Убедившись, что я осталась одна, я возвращаюсь к тому, чем занималась до появления девочек. Я наклоняюсь и засовываю себе в глотку палец. Мне до сих пор противно это делать, но я не сдаюсь. Рвотный рефлекс раздирает горло.
Меня бесит, что ничего не выходит. Я знаю, что это потому, что сегодня утром я ничего не ела, но я надеялась, что смогу избавиться от вчерашнего ужина.
Если бы Сара увидела, что я делаю, она бы была очень разочарована. Встречи с психологом вот-вот начали приносить пользу, но Брайан все испортил. Он рушит все хорошее, что есть в моей жизни.
Вдруг кто-то стучит в двери кабинки. Я вздрагиваю, замирая на месте.
– Не могла бы ты, пожалуйста, выйти?
Я зажмуриваюсь, ругаясь себе под нос. Это мадам Лалуэтт, завуч по воспитательной работе. У меня нет выбора. Я смываю воду и, подхватив сумку, с улыбкой на губах выхожу.
– Да?
Она смотрит на меня с беспокойством и… жалостью.
– Здравствуй, Далия.
– Зои.
– Все хорошо?
– Да. Мне просто немного нездоровится. Во время месячных всегда так.
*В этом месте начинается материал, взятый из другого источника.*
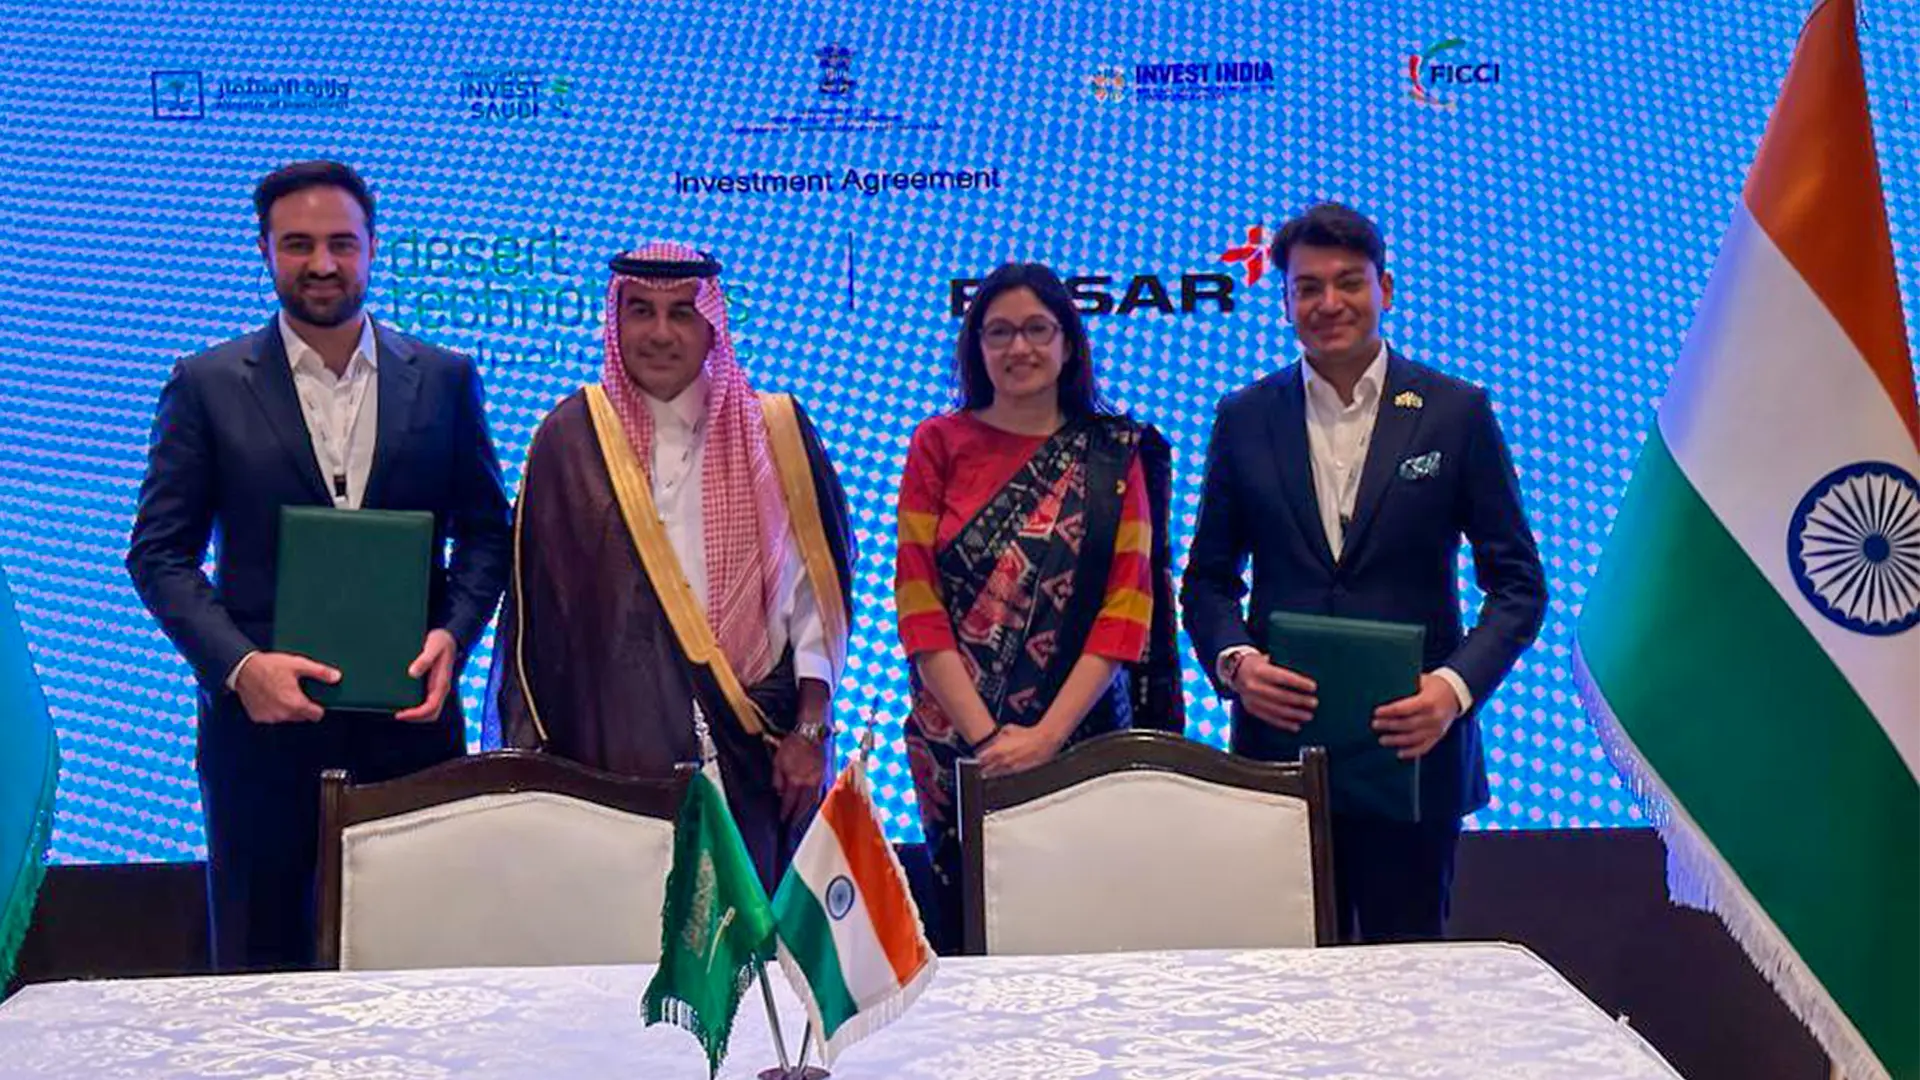 Essar Group and Desert Technologies sign MOU for developing renewable energy solutions for Essar’s KSA Green Steel Arabia Project
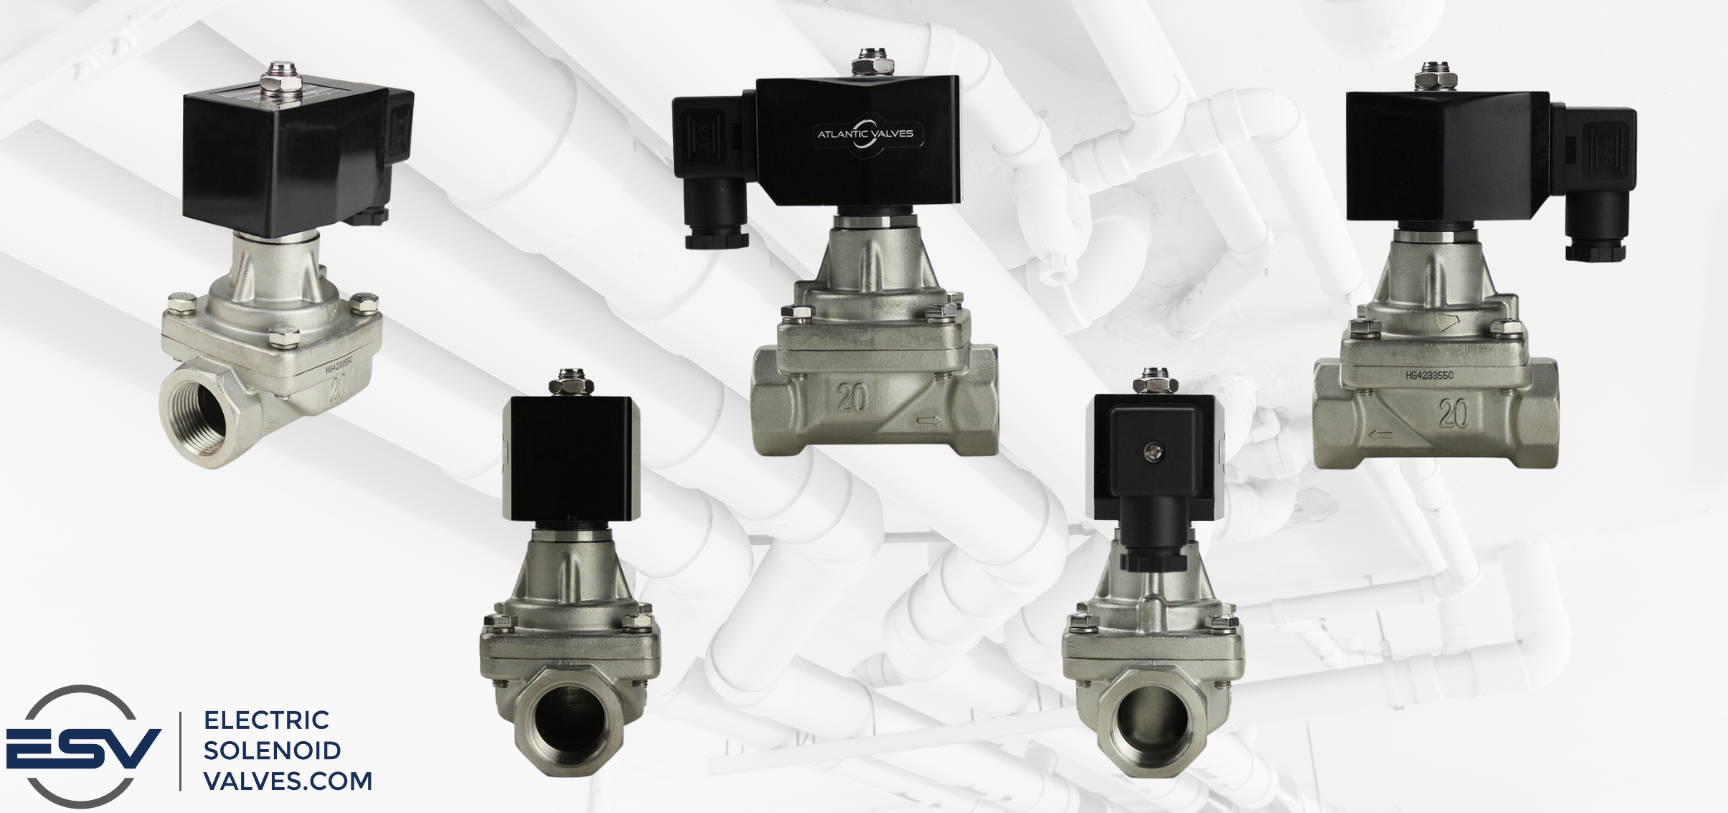 Collection of 3/4 inch stainless steel steam solenoid valves from ElectricSolenoidValves.com, showcasing durability and suitability for optimizing performance in food processing systems

Она кивает, не веря мне, и берет меня за предплечье:
– Я бы хотела кое о чем поговорить. Пойдем в мой кабинет?
Черт. Я в ловушке, это точно. Я морщусь и говорю, что мне нужно вернуться на историю, но она меня перебивает:
– Я напишу для учителя записку. Это ненадолго.
Я смиренно решаю потерпеть и, улыбаясь, иду следом. Бок о бок мы проходим через двор. На солнце расположились в ожидании конца занятия несколько школьников. Среди них и Сара: она сидит на газоне, скрестив ноги. Вокруг нее – ее друзья, которых я терпеть не могу. Она над чем-то смеется, а затем, словно почувствовав на себе мой взгляд, поворачивает голову в мою сторону.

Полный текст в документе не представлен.